Oscar Calvete Al-Khalidi

Contributing Writer

The Hallie Ford Literary Series is a brilliant way to engage with any interest that you might have in literature. Sadly, the event with Janice Lee on Nov.18 concerning her new novel “Imagine a Death” was the last of the semester. In due course, beyond the winter break, this series will resume. Taking place in the evenings at designated dates on campus, these literary presentations are highly accessible and worthwhile. Capable of sustaining your attention for the duration, the Hallie Ford Literary Series will prove to be a rewarding and insightful experience should one be willing to attend.
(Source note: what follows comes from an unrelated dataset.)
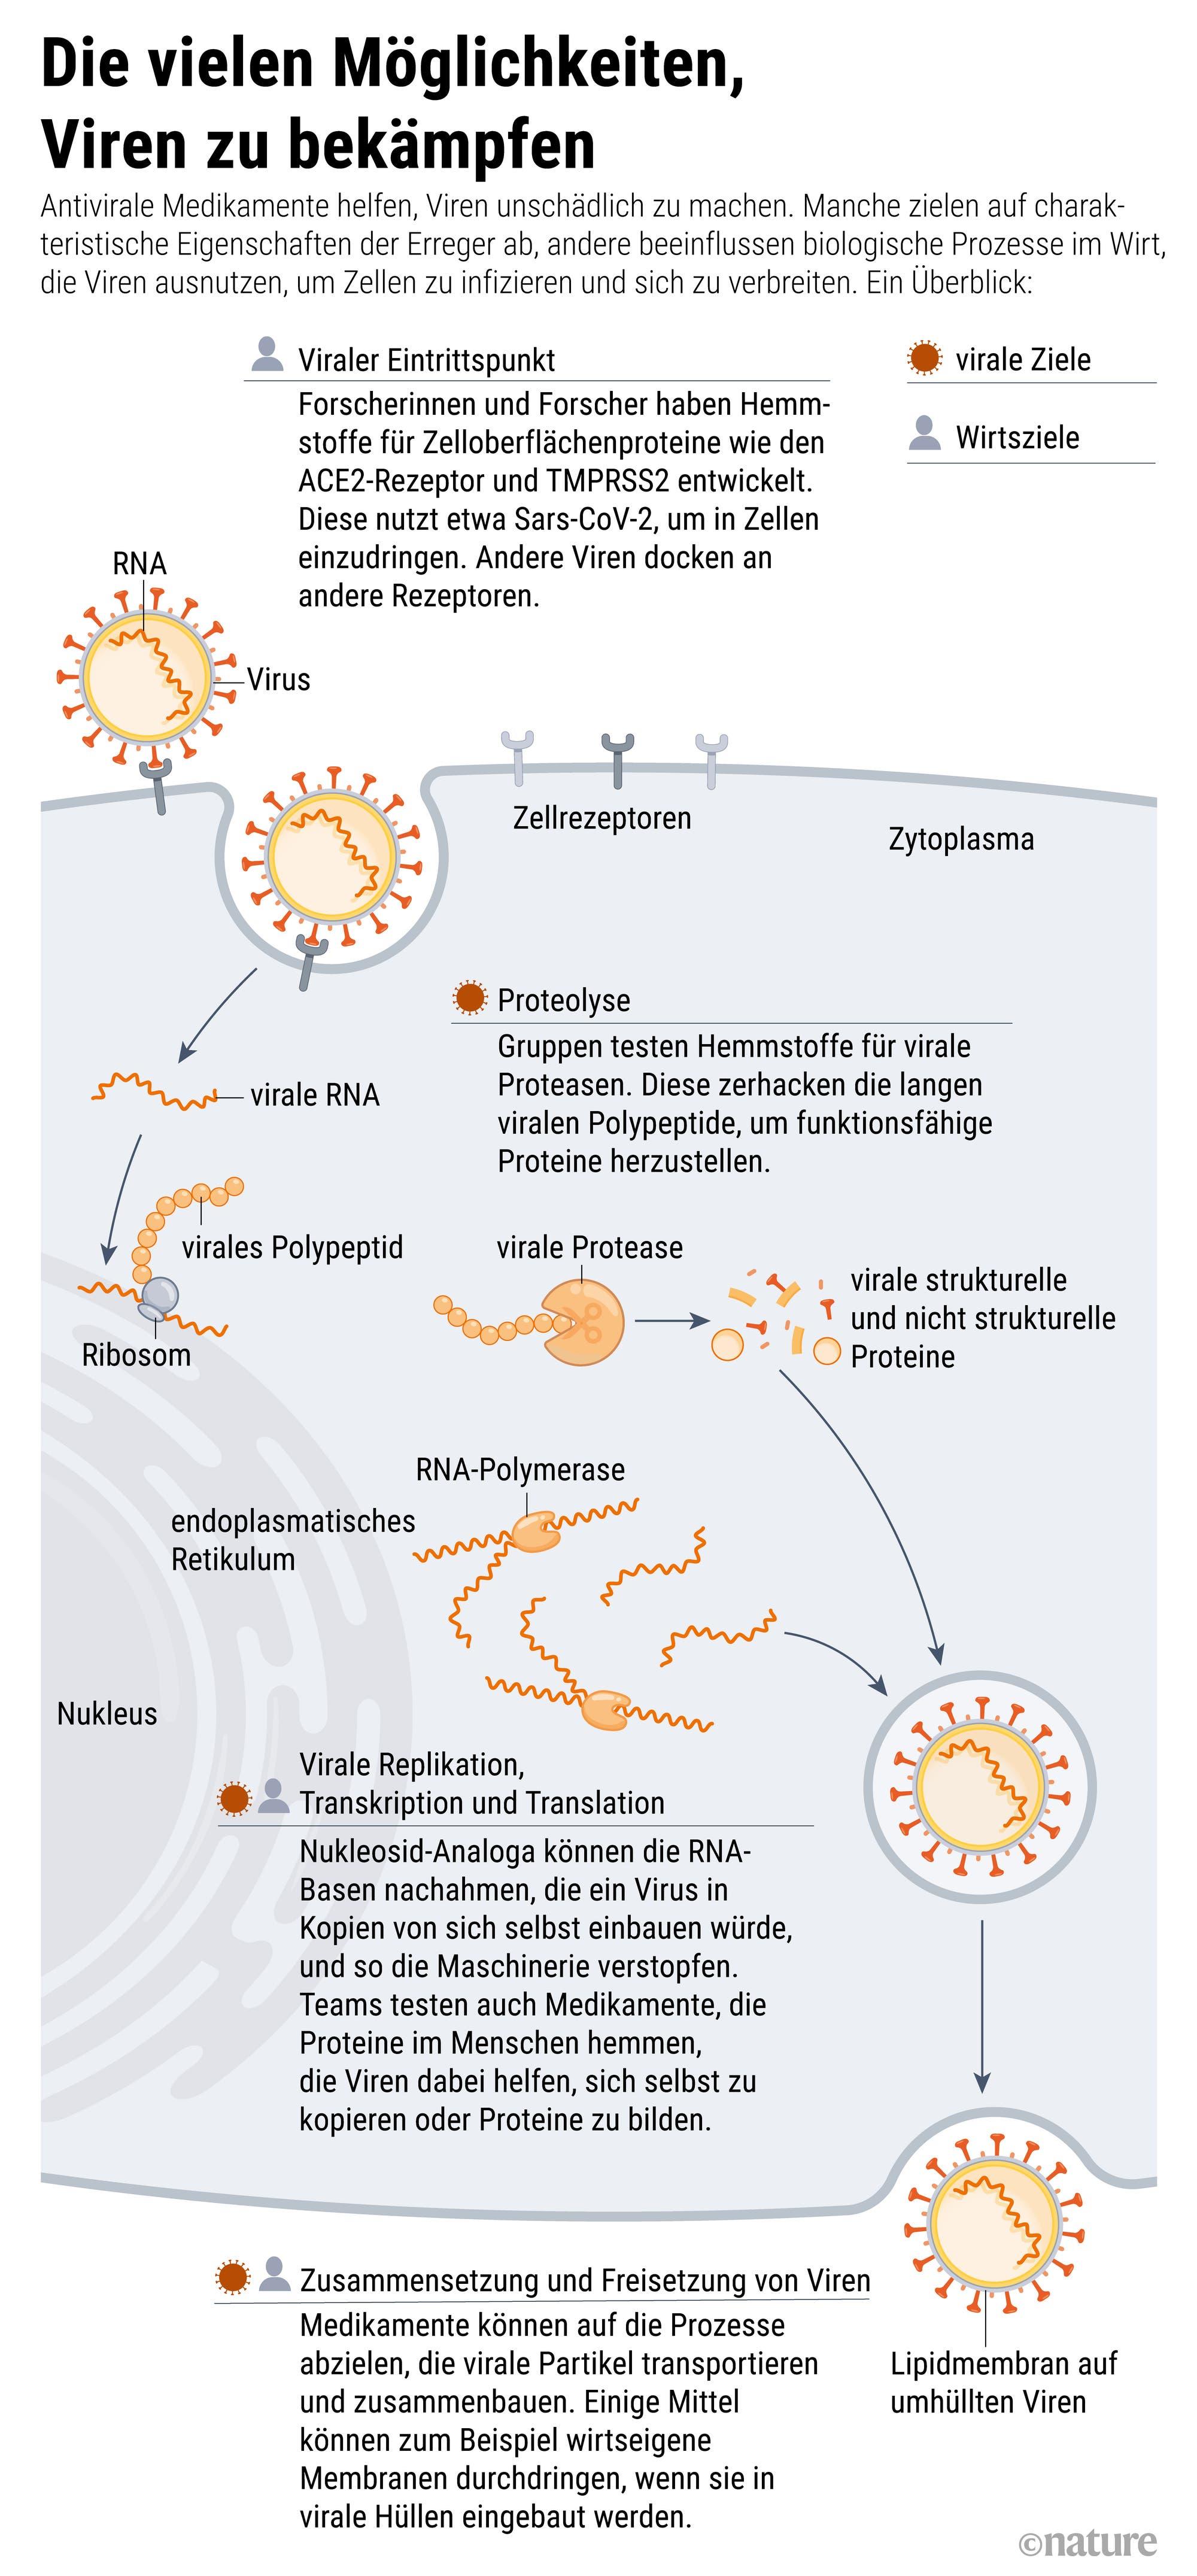 Wie antivirale Medikamente verhindern sollen, dass Viren in Körperzellen eindringen oder sich dort vermehren, zeigt diese Grafik.
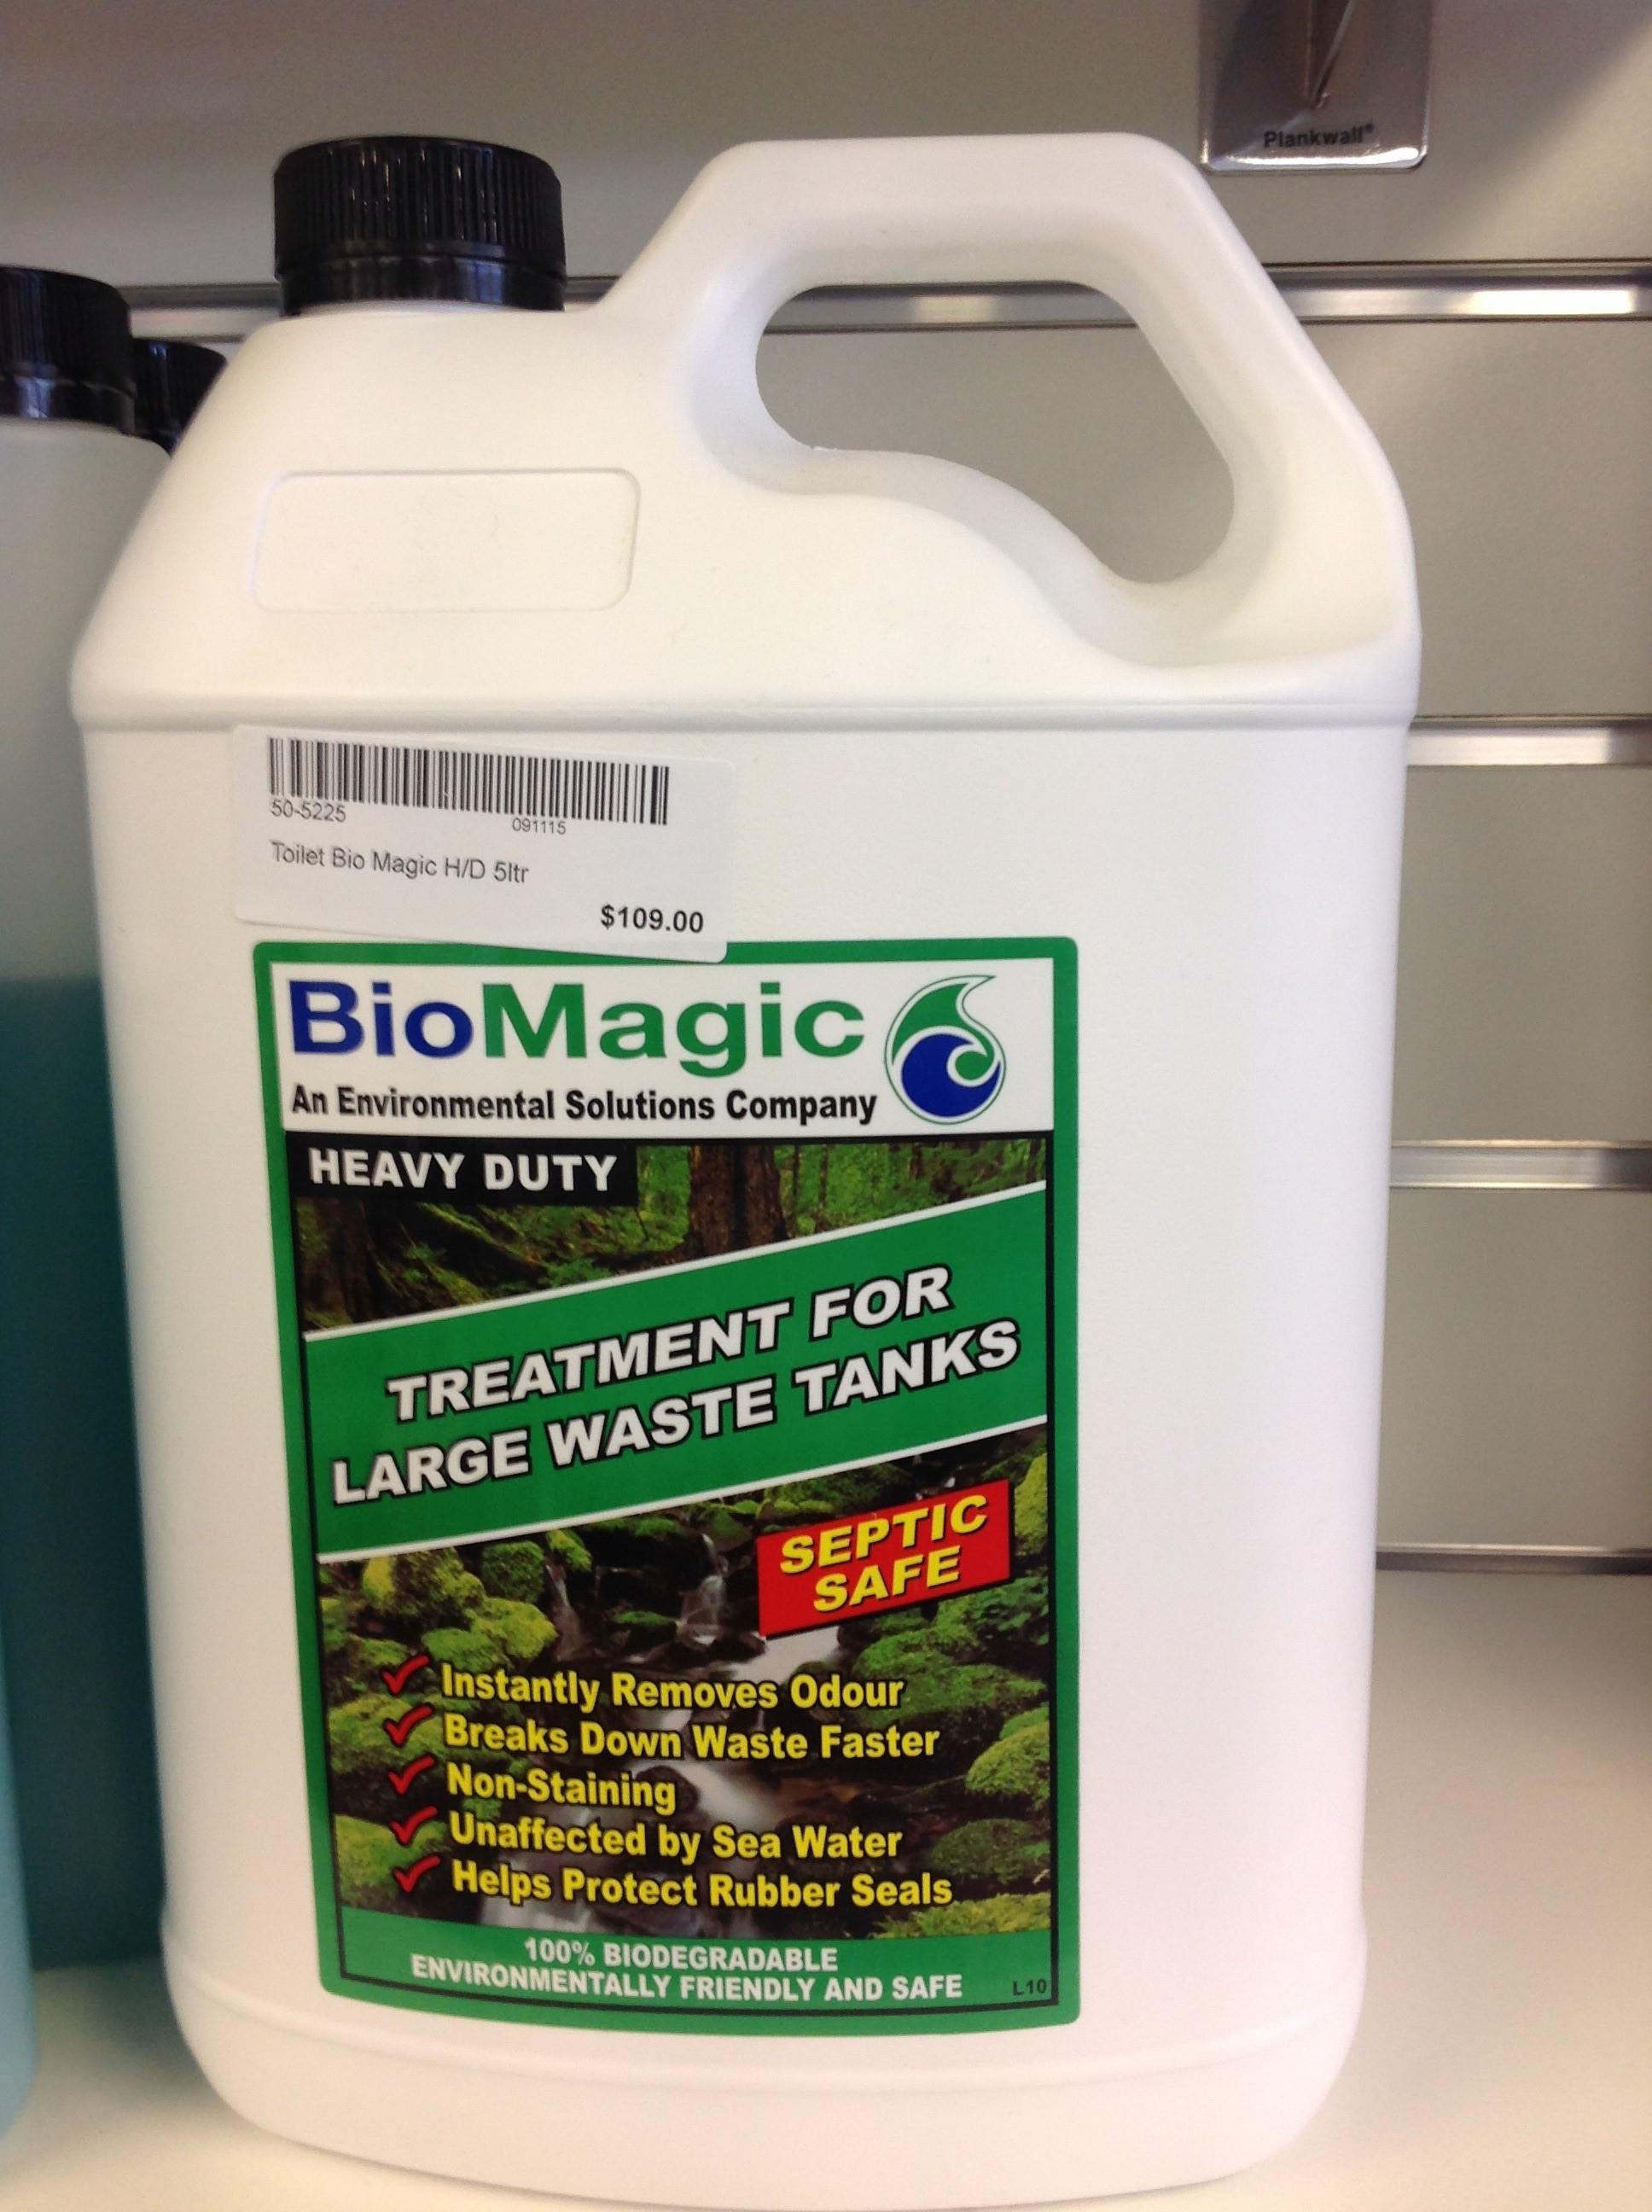 Bio Magic Toilet Waste Treatment

It is not possible for anyone to understand the sentiment within a novel, or to vocalize the personality of its sentences, better than the writer themselves. The ability to narrate a story in an engaging manner, abiding not only by carefully chosen grammatical inputs, but also behavioral and creative preferences that have been inserted by their own hand, is an entirely unique skill.

While an author reading their own work to themselves might sound futile to those who don’t associate themselves with the literary community, this is actually an invaluable experience. Listening to such readings forces one to both recognise the passion and hard work of the author (which can often be lost when one is solo reading), as well as gain a higher sense of appreciation for the text and what it’s trying to accomplish.

It is possible to participate in such an experience even without prior understanding of the novel to be discussed. Naturally, some will be keen to see their favorite authors as opposed to an unknown one, but the point of a reading for the author is to get all audience members interested in pursuing their book after the event. Thus, one is always encouraged to attend regardless of where natural curiosities may lie.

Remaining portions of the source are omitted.